Suncorp ‘lolly’ coming early next year
Suncorp shareholders will have to wait a bit longer for promised cash flowing from the $4.9bn sale of the insurance group’s banking business to ANZ.
Suncorp shareholders will have to wait a bit longer for promised lolly from the $4.9bn sale of its banking business to ANZ.
Announcing an 11.7 per cent increase in annual profits to $1.19bn on Monday, Suncorp boss Steve Johnston told investors they would enjoy a showering of dividends and buybacks next year.
Suncorp has enjoyed a relatively benign period with subdued natural catastrophe losses coupled with price rises for insurance policies helping the bottom line.
One sore point was Queensland’s compulsory third party (CTP) insurance scheme, with Suncorp booking a $39m onerous contract provision for its CTP business.
Rival insurers NRMA and RACQ pulled out of the scheme last year, with Johnston noting the CTP program had become dysfunctional.
Suncorp is expected to return most of the $4.1 billion in net sale proceeds from the bank sale to shareholders via capital returns.
Of that about $1 billion will go to its more than 158,000 mum and dad retail shareholders - almost half of them Queenslanders - by way of share consolidations and a fully franked special dividend.
Johnston says the returns will probably occur in the first quarter of next year after shareholder approval is sought at the insurer’s annual general meeting in October and other regulatory issues are dealt with.
He says about 90 per cent of the return will be in the form a share consolidation with the remaining being a special dividend.
Johnston, who has been showered with kudos since helming the sale of the bank to ANZ, says he’s happy to stay in the CEO role, telling City Beat he is relishing the challenges ahead.
Hair raising
Sanctuary Cove was the place to be for a bad hair day last week.
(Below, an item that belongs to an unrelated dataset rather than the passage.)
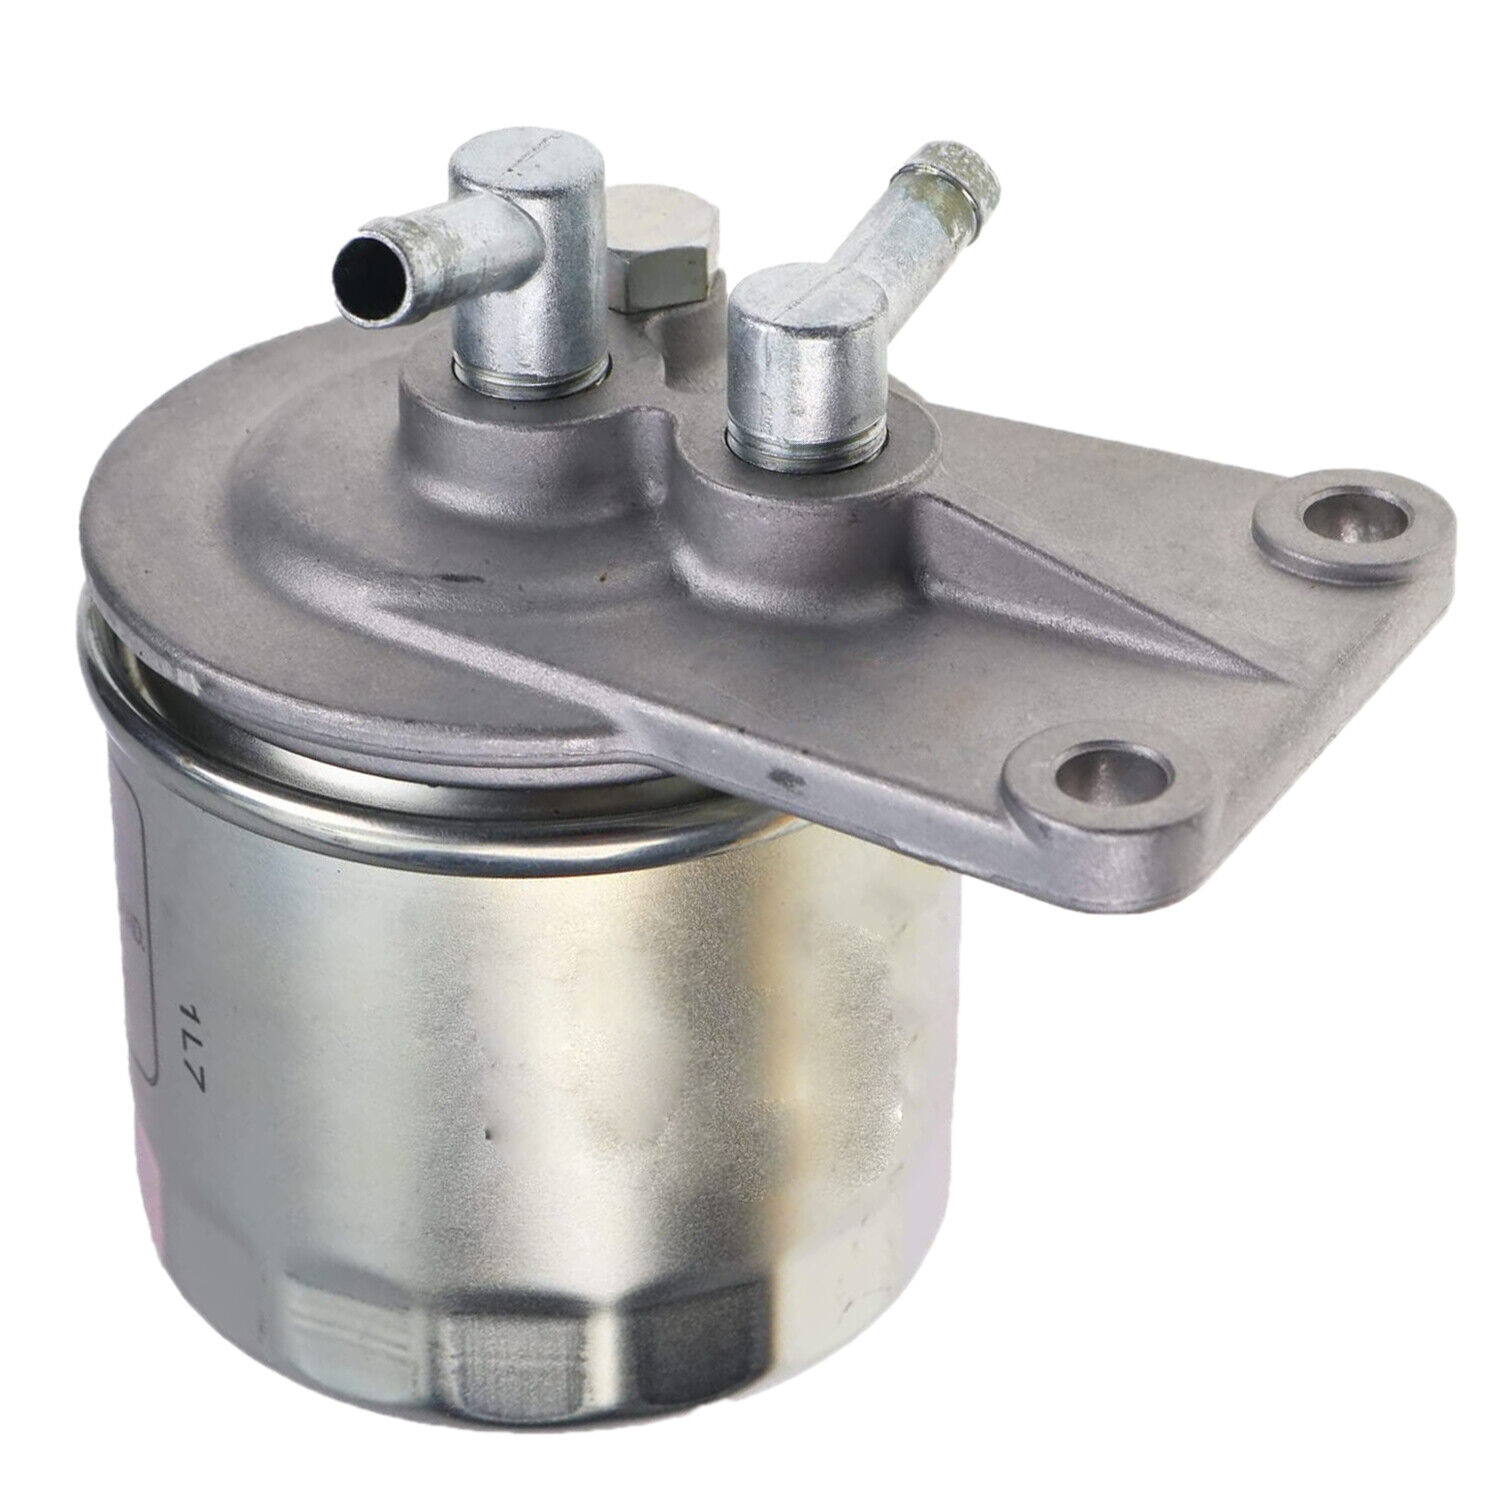 Fuel Filter Assy 15291-43010 For Kubota KX121-2 Engine V1305 D1105 V2203 D905

More than 120 franchisees from national salon chain Price Attack, along with support staff and haircare suppliers descended for the first national conference since the end of the Covid 19 pandemic.
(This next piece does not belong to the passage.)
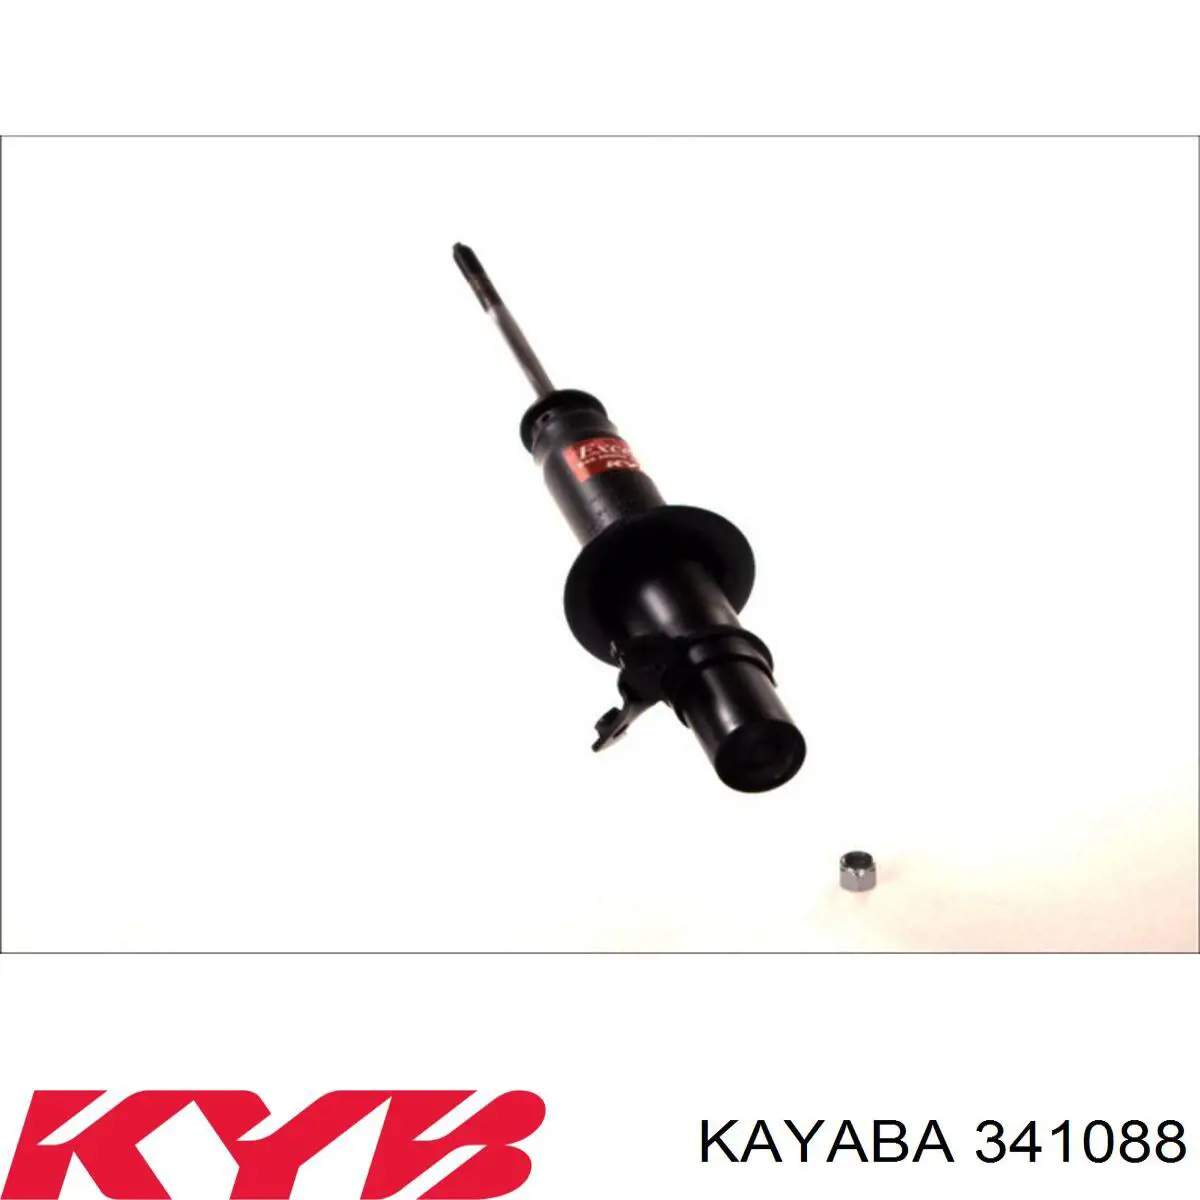 341088 Kayaba amortiguador delantero izquierdo

Price Attack chief executive John Pascoe says that while online meetings helped fill the gaps during the pandemic, nothing beats the coming together of people to connect.
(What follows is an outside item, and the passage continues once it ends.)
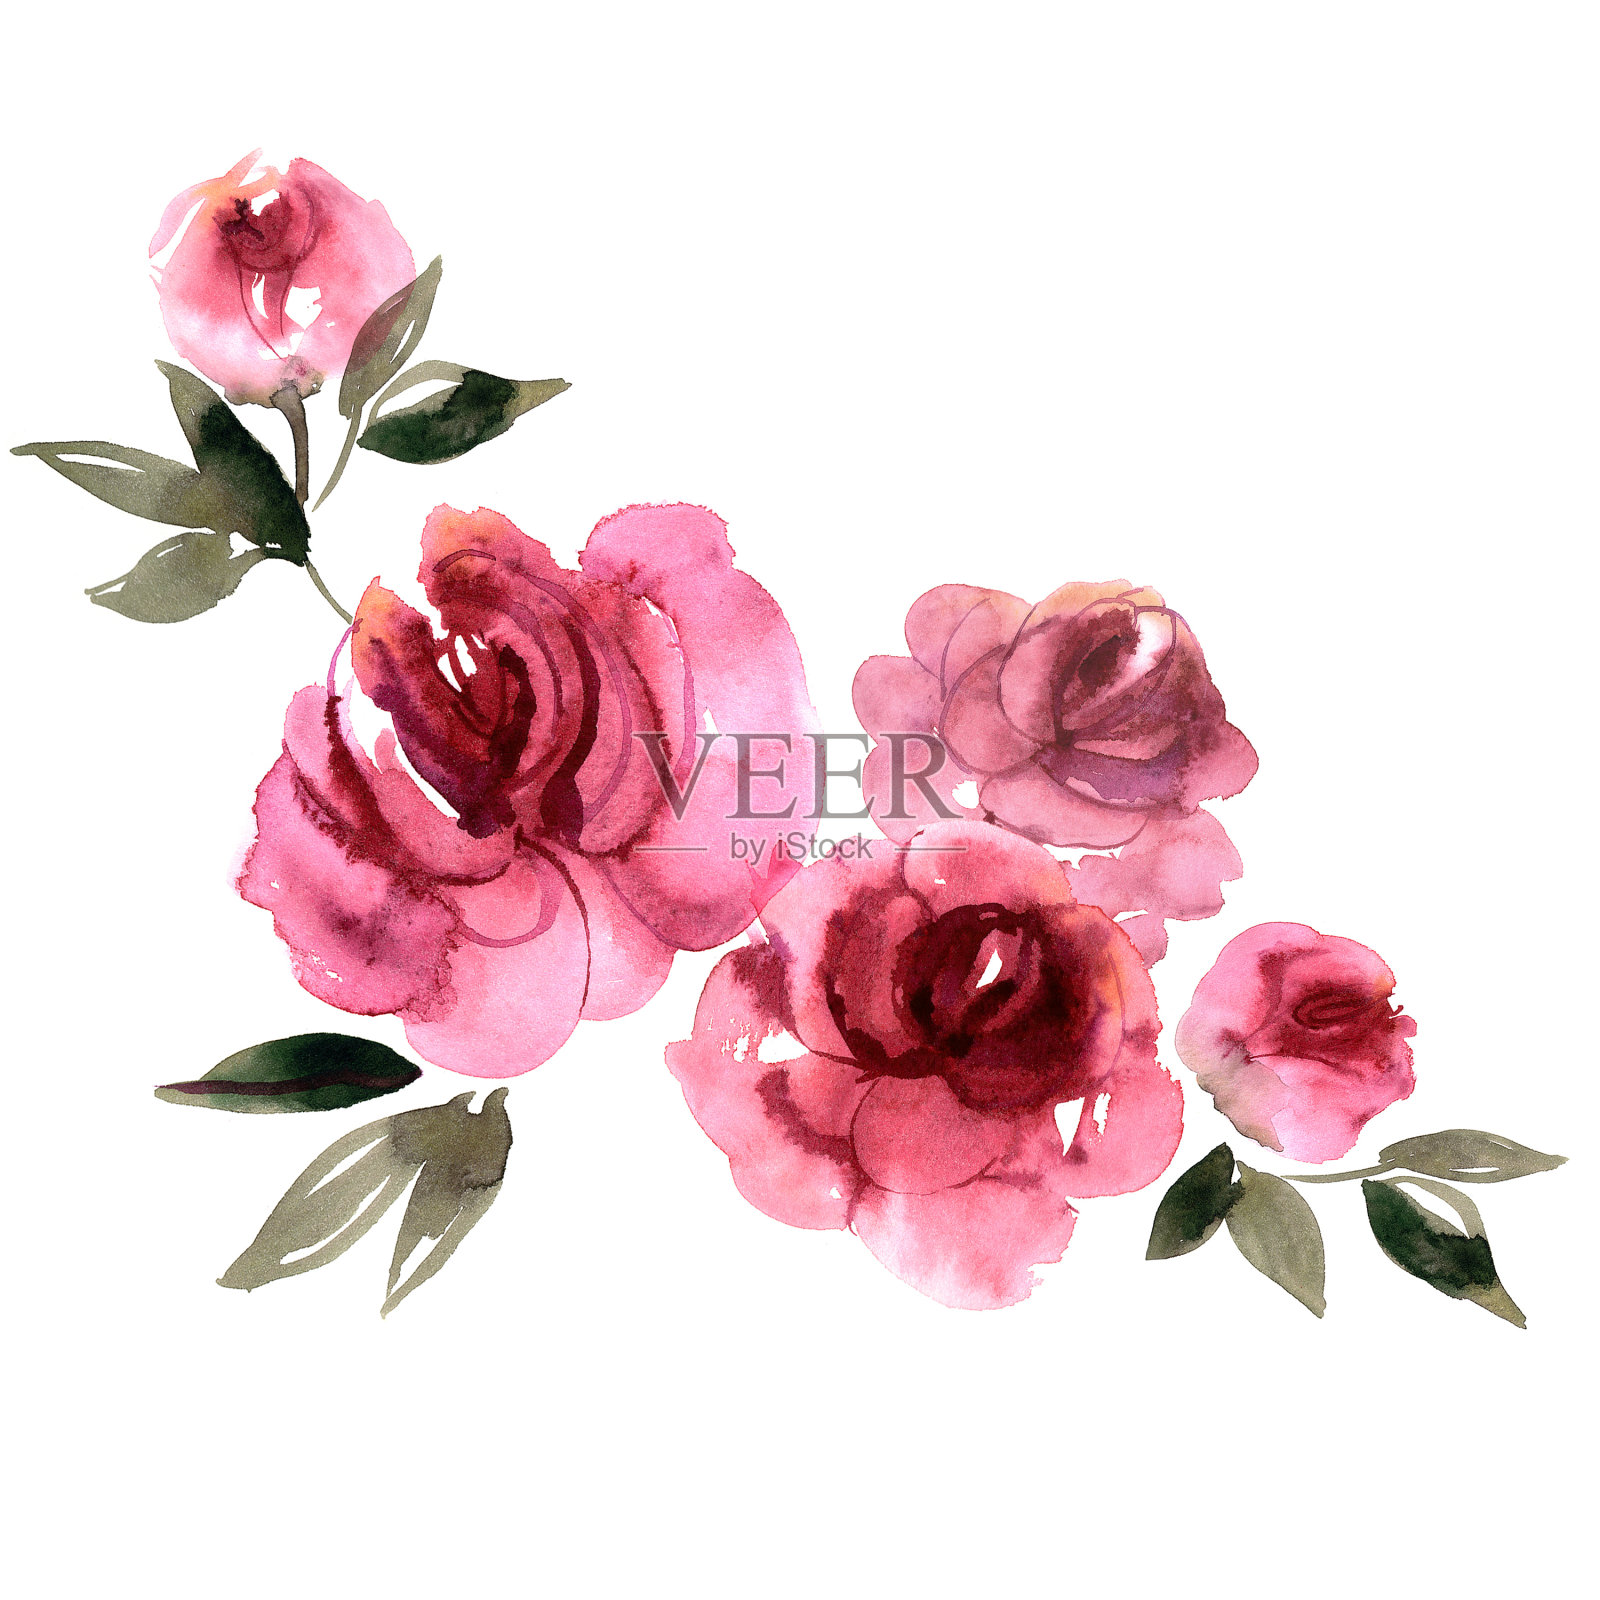 可爱的水彩手绘粉红牡丹插画图片素材

The conference had an international flair with product manufacturer AG Care chief executive Graham Fraser flying out from Vancouver.
The haircare sector in Australia is worth $2bn and growing at nearly 5 per cent with Price Attack on a growth trajectory sitting in the top two providers in the country. Springfield Orion Price Attack’s Jenny Chapman was awarded franchisee of the year – scooping the pool with three awards including salon of the year.
Sharing their success with charity partner Friends with Dignity, a not for profit assisting survivors of domestic violence with refuge and crisis centres, chief executive Manuela Whitford was in tears as the group raised close to $30,000 at their charity auction.
Property hire
Gadens partner John Nicolas has been appointed to the Property Council of Australia’s Queensland division council. A retail leasing specialist, Nicolas has spent the past eight years on the Property Council’s Queensland retail committee lending his expertise and knowledge to a variety of commercial and advocacy opportunities. As a recognised industry expert Nicolas has chaired and presented at numerous conferences throughout his career and is often called to consult on regulatory and industry issues.